● **Activity**
Copy out exactly the stretch below, from the line with "6-inch Grit 1500" through the line with "INFOGRAPHIC: The State", both included; the pictures stay out.

● **Data extracts**

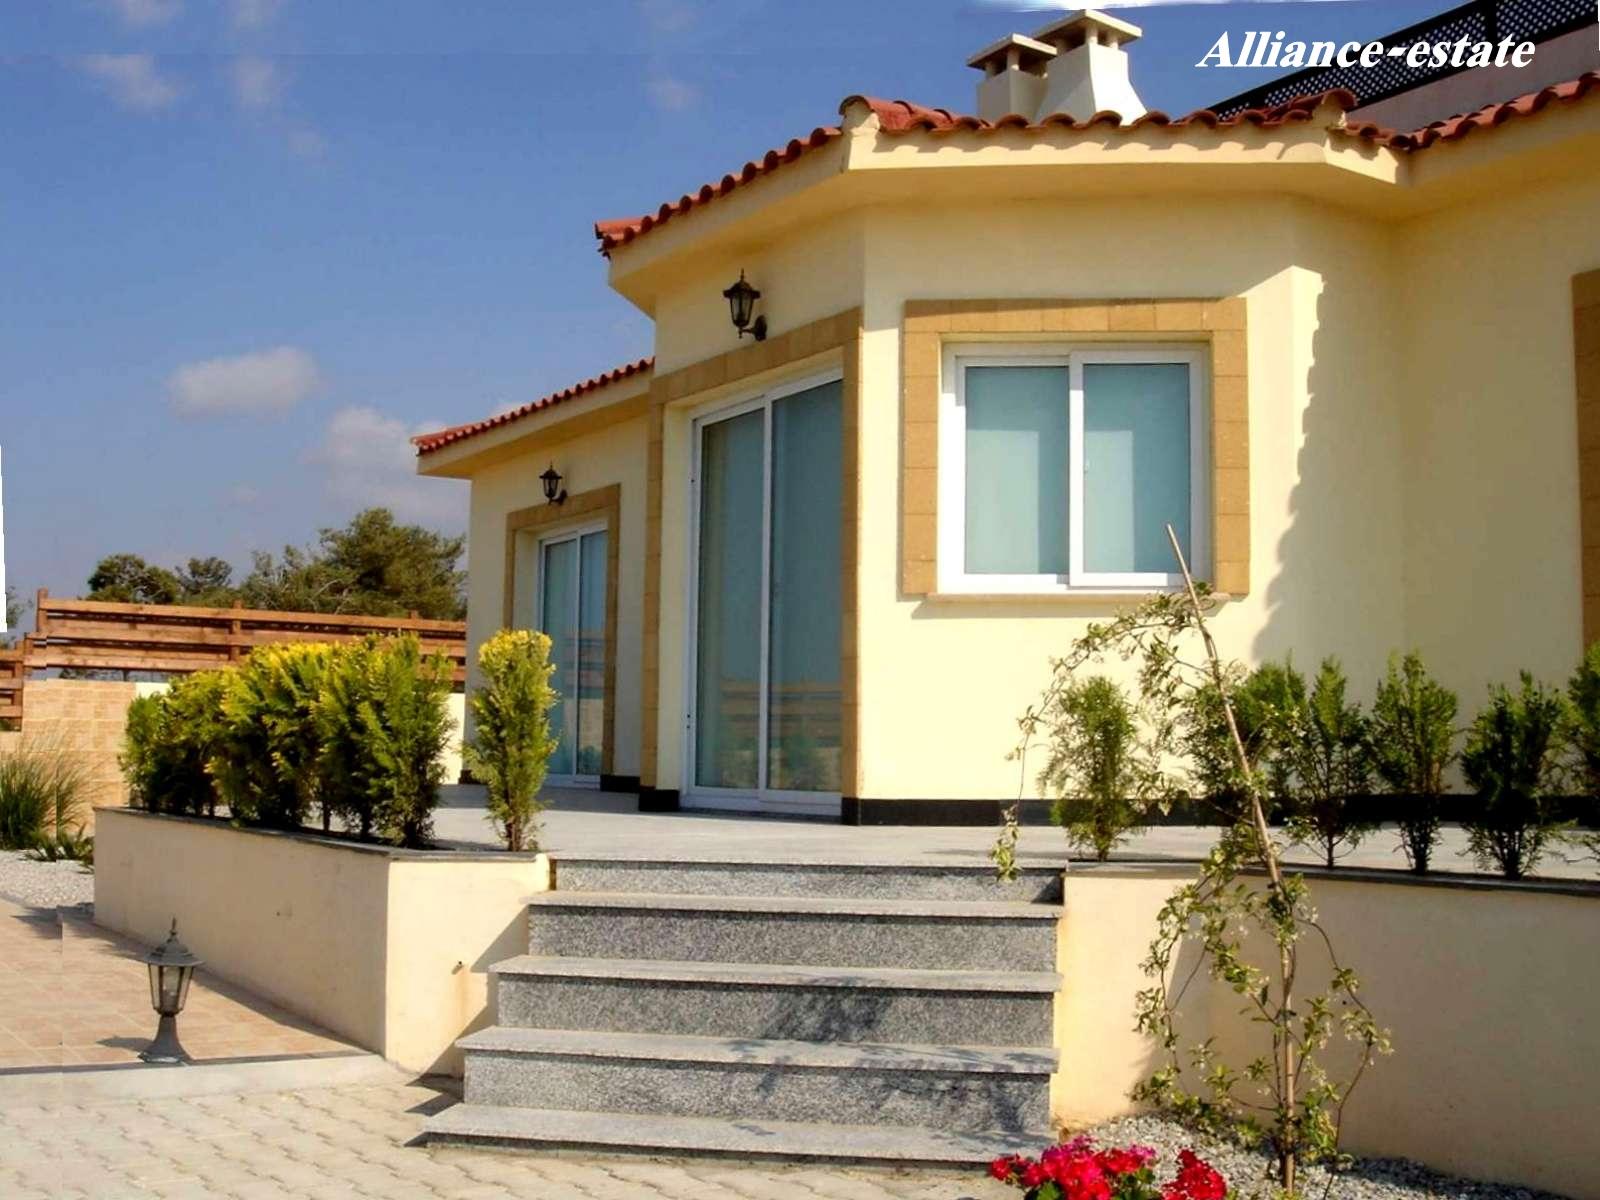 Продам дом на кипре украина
* * *
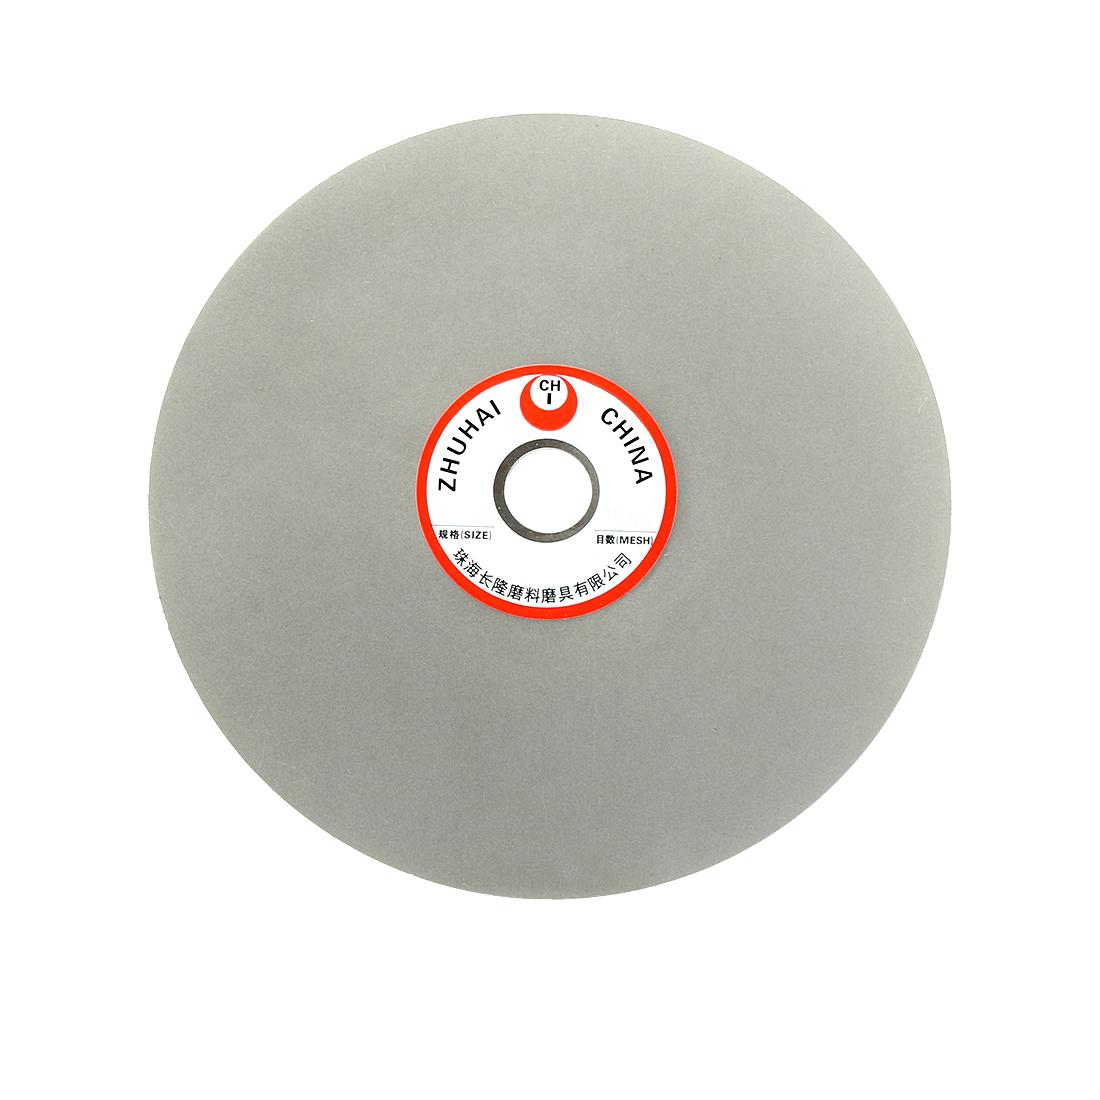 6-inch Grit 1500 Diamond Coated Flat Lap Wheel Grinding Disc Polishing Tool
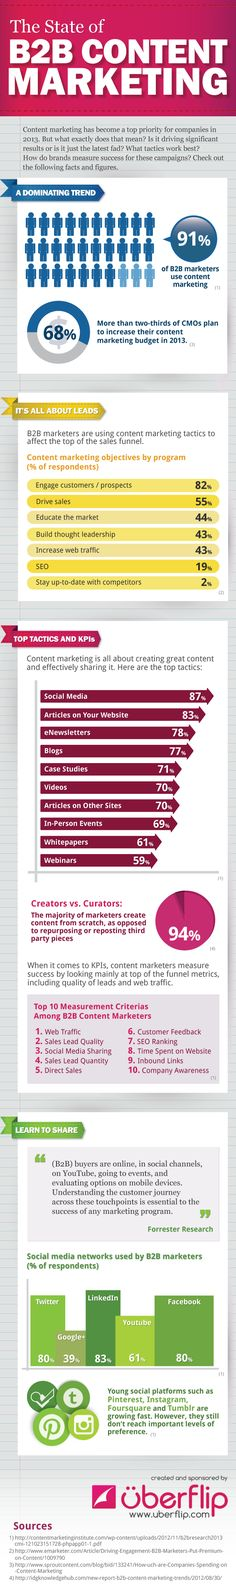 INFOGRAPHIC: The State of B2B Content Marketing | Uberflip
---
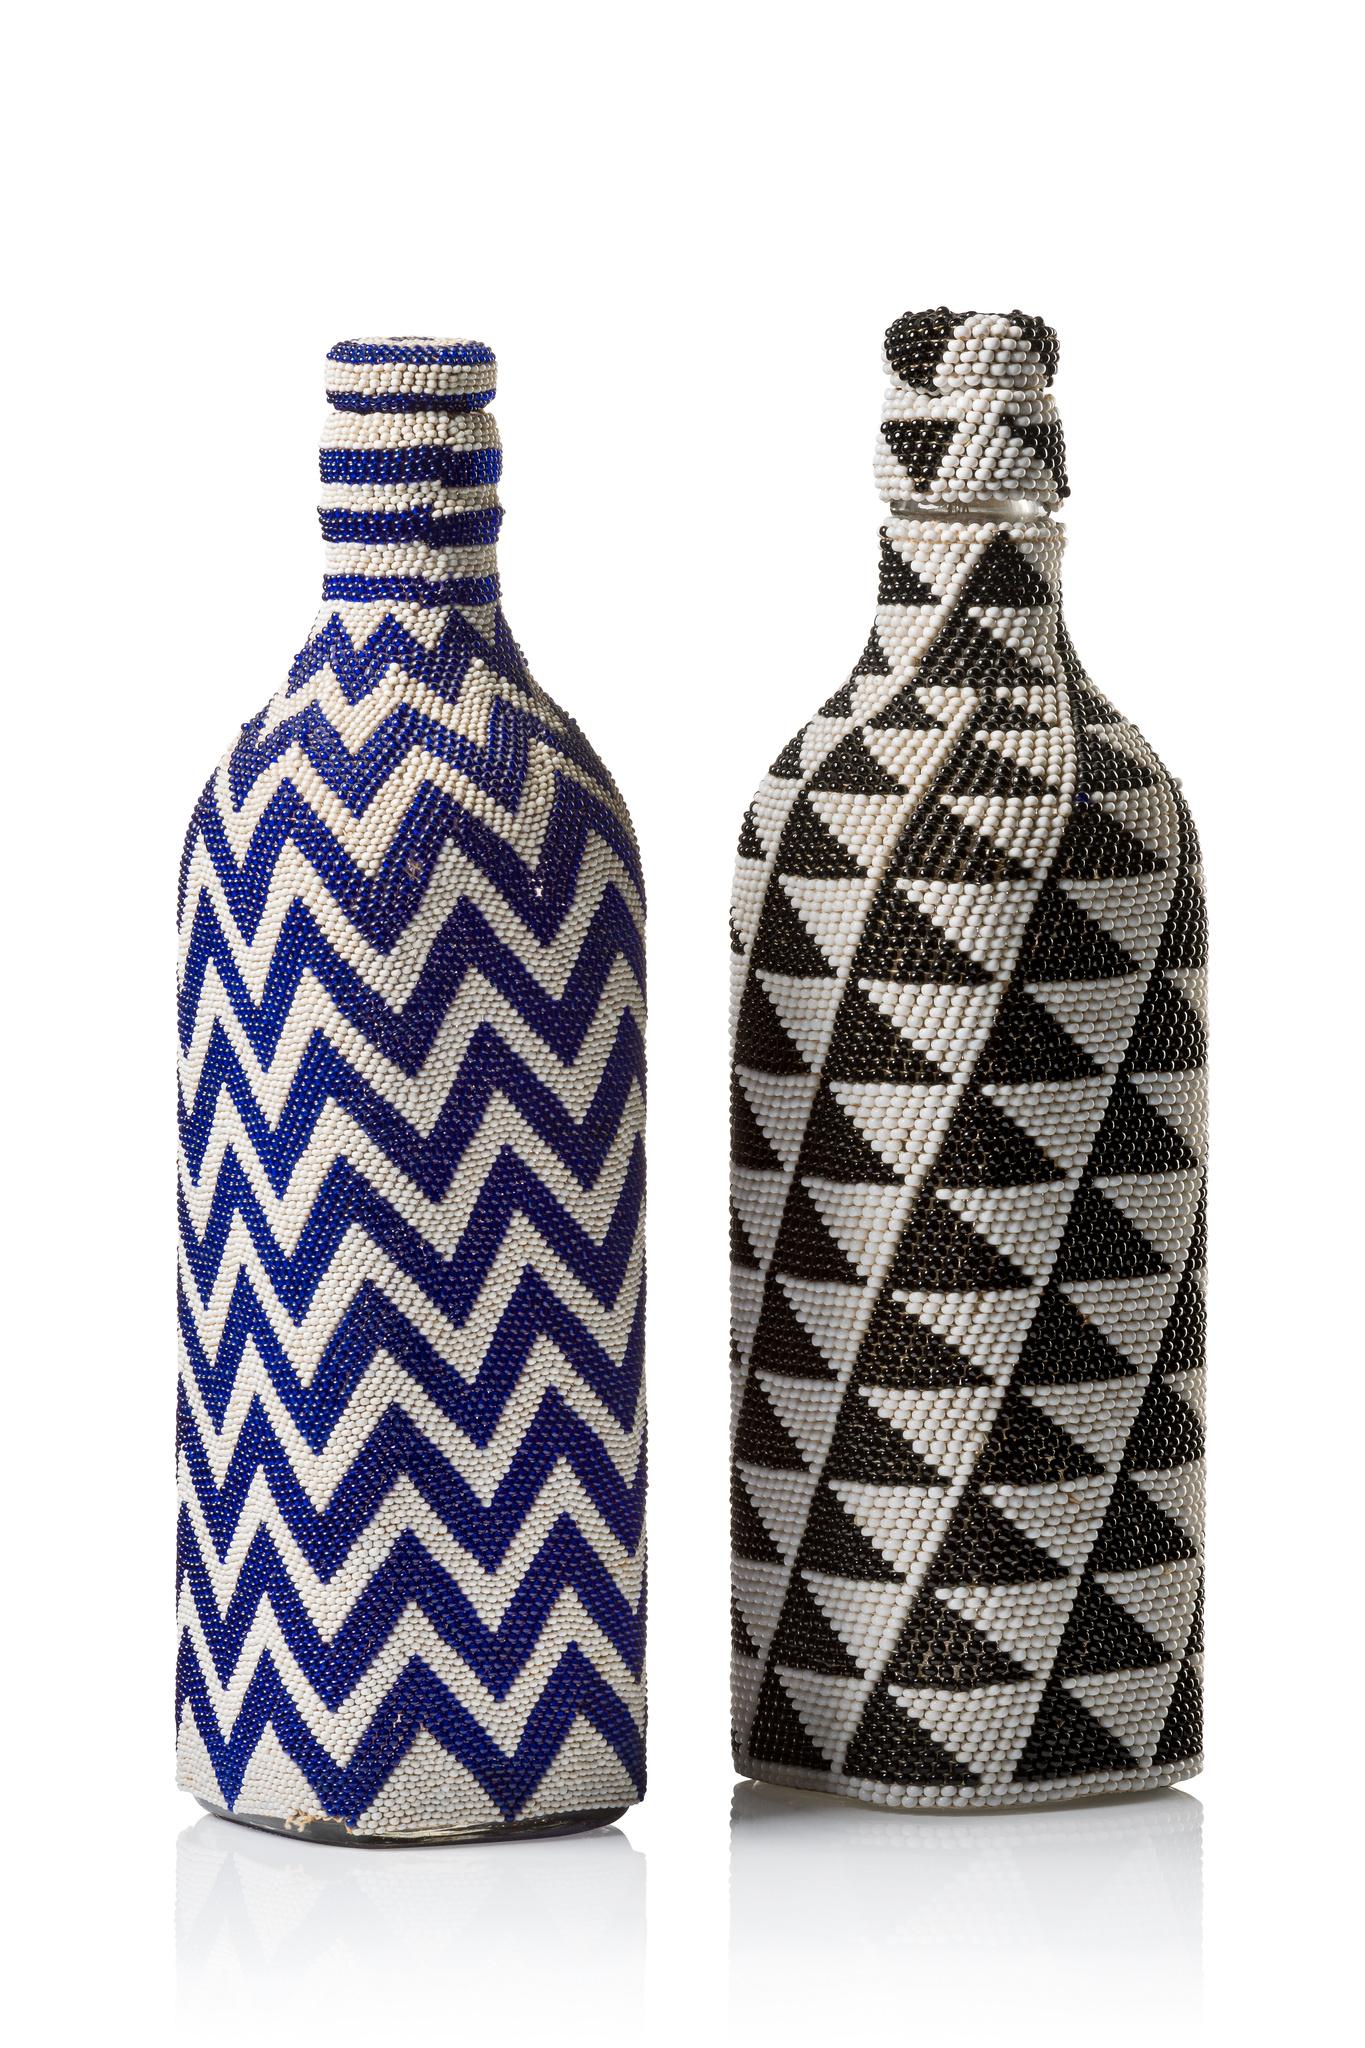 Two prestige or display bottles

● **Exercise result**
 6-inch Grit 1500 Diamond Coated Flat Lap Wheel Grinding Disc Polishing Tool
 INFOGRAPHIC: The State of B2B Content Marketing | Uberflip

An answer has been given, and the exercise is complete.